| EXERCISE DESCRIPTION |
Retype, without pictures, the line holding "Calvin Klein 3-pk. Boxer Briefs Black" and each line below it through the final line.

| PROVIDED MATERIAL |

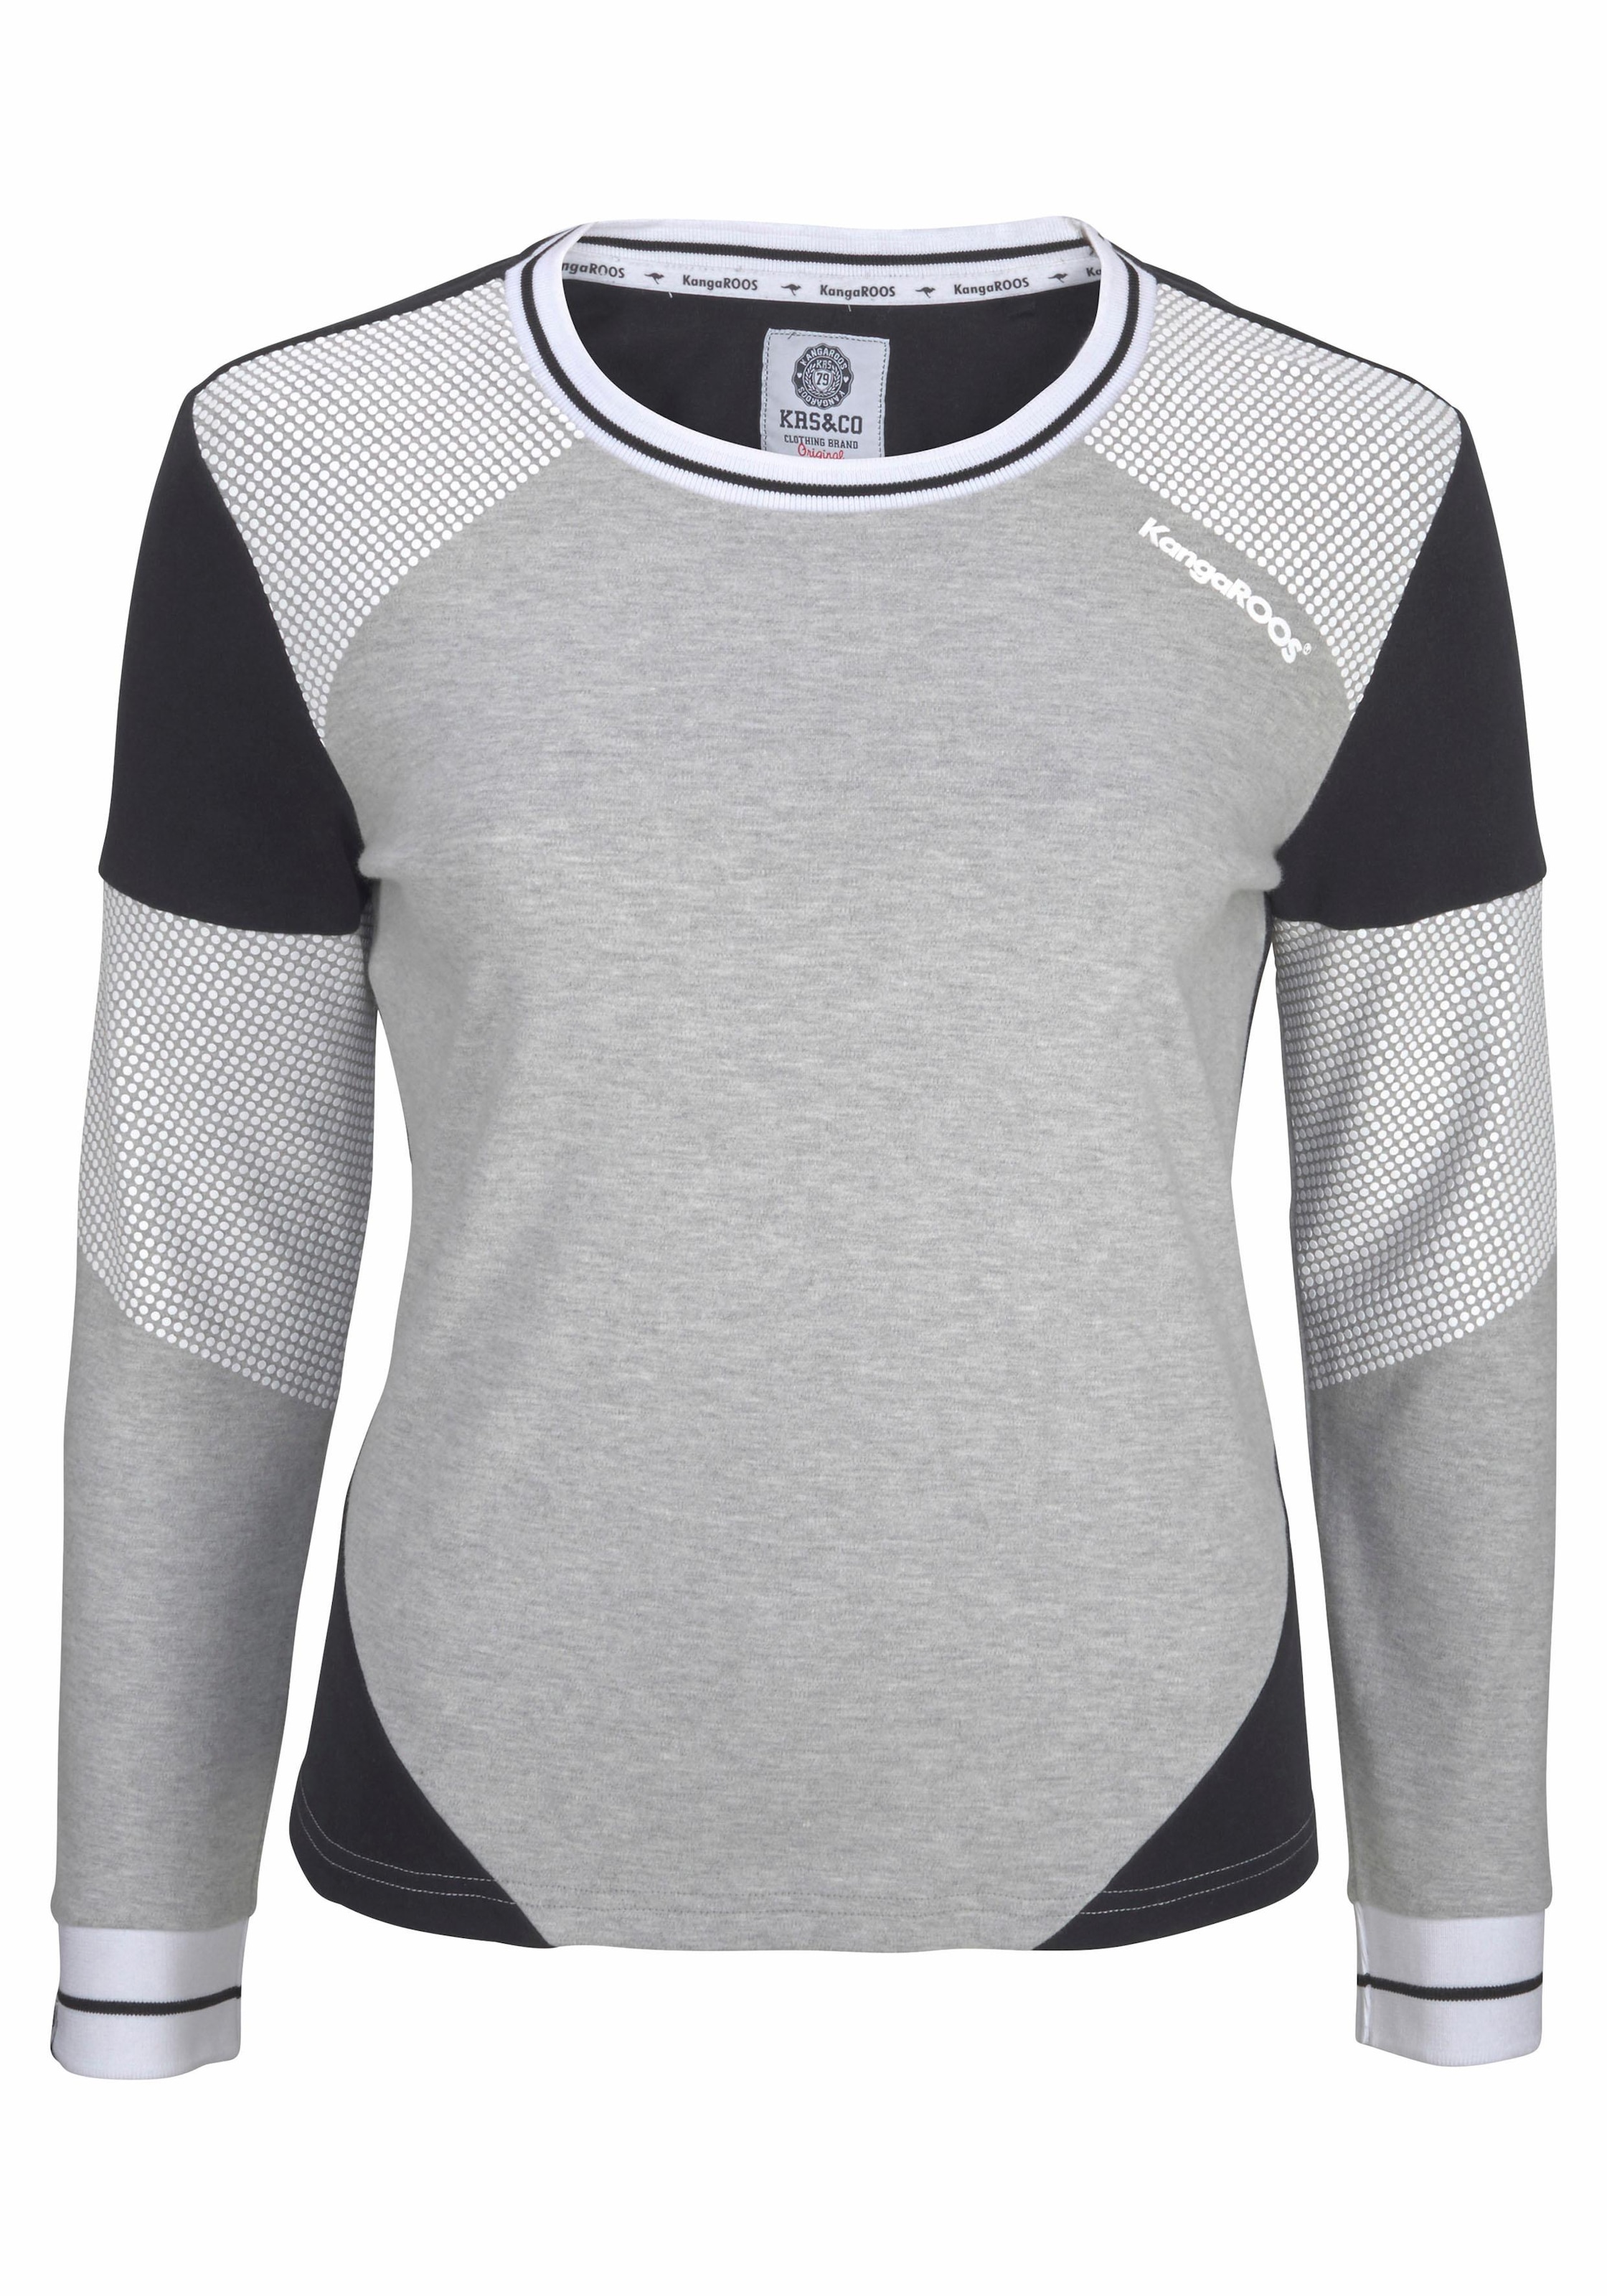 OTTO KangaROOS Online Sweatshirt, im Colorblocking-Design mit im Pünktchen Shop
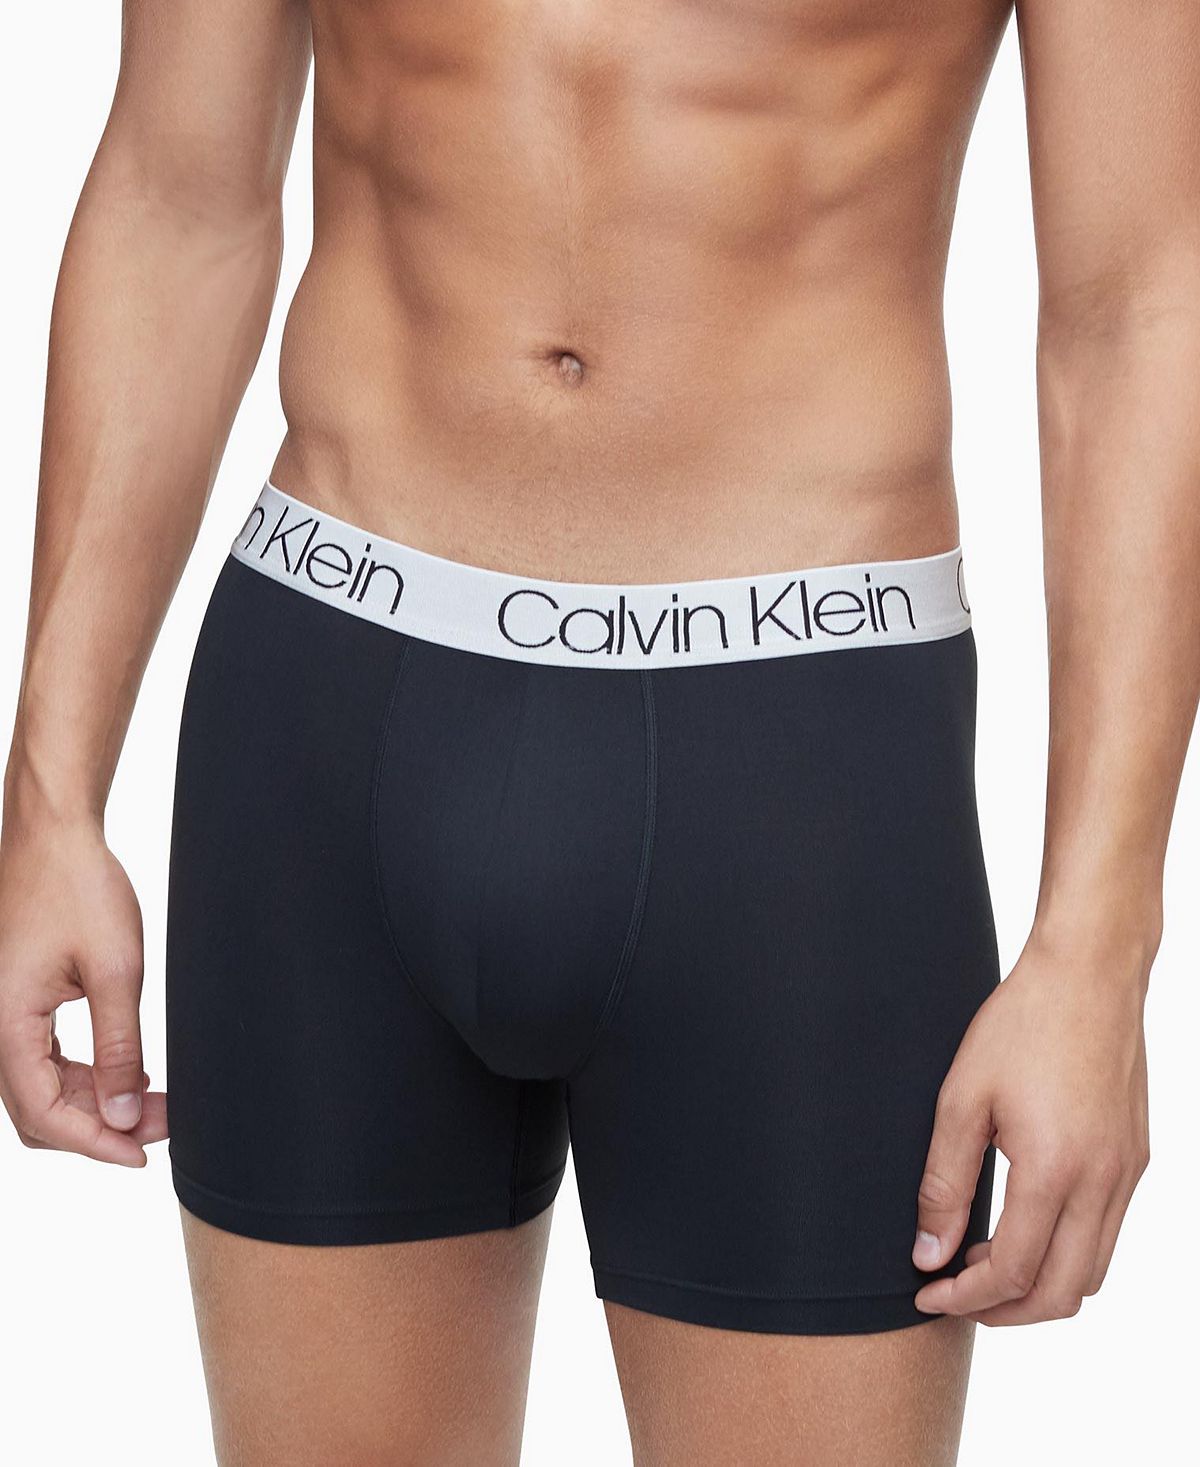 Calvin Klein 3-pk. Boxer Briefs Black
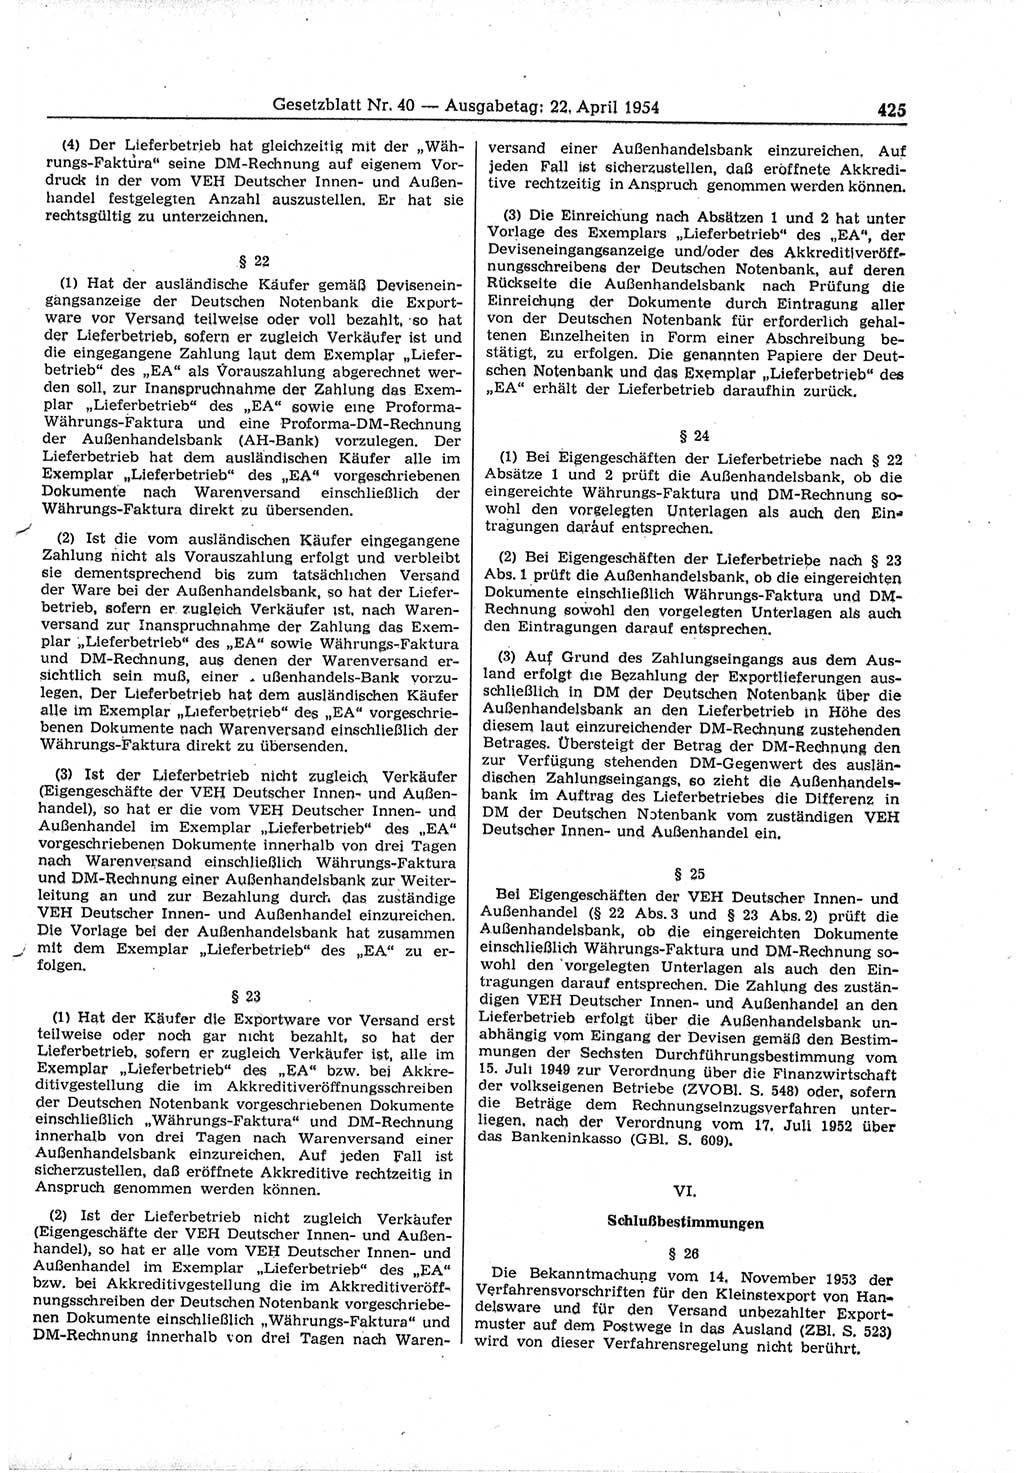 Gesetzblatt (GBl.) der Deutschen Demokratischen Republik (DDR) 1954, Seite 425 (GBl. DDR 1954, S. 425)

| OUTPUT |
 Calvin Klein 3-pk. Boxer Briefs Black
 Gesetzblatt (GBl.) der Deutschen Demokratischen Republik (DDR) 1954, Seite 425 (GBl. DDR 1954, S. 425)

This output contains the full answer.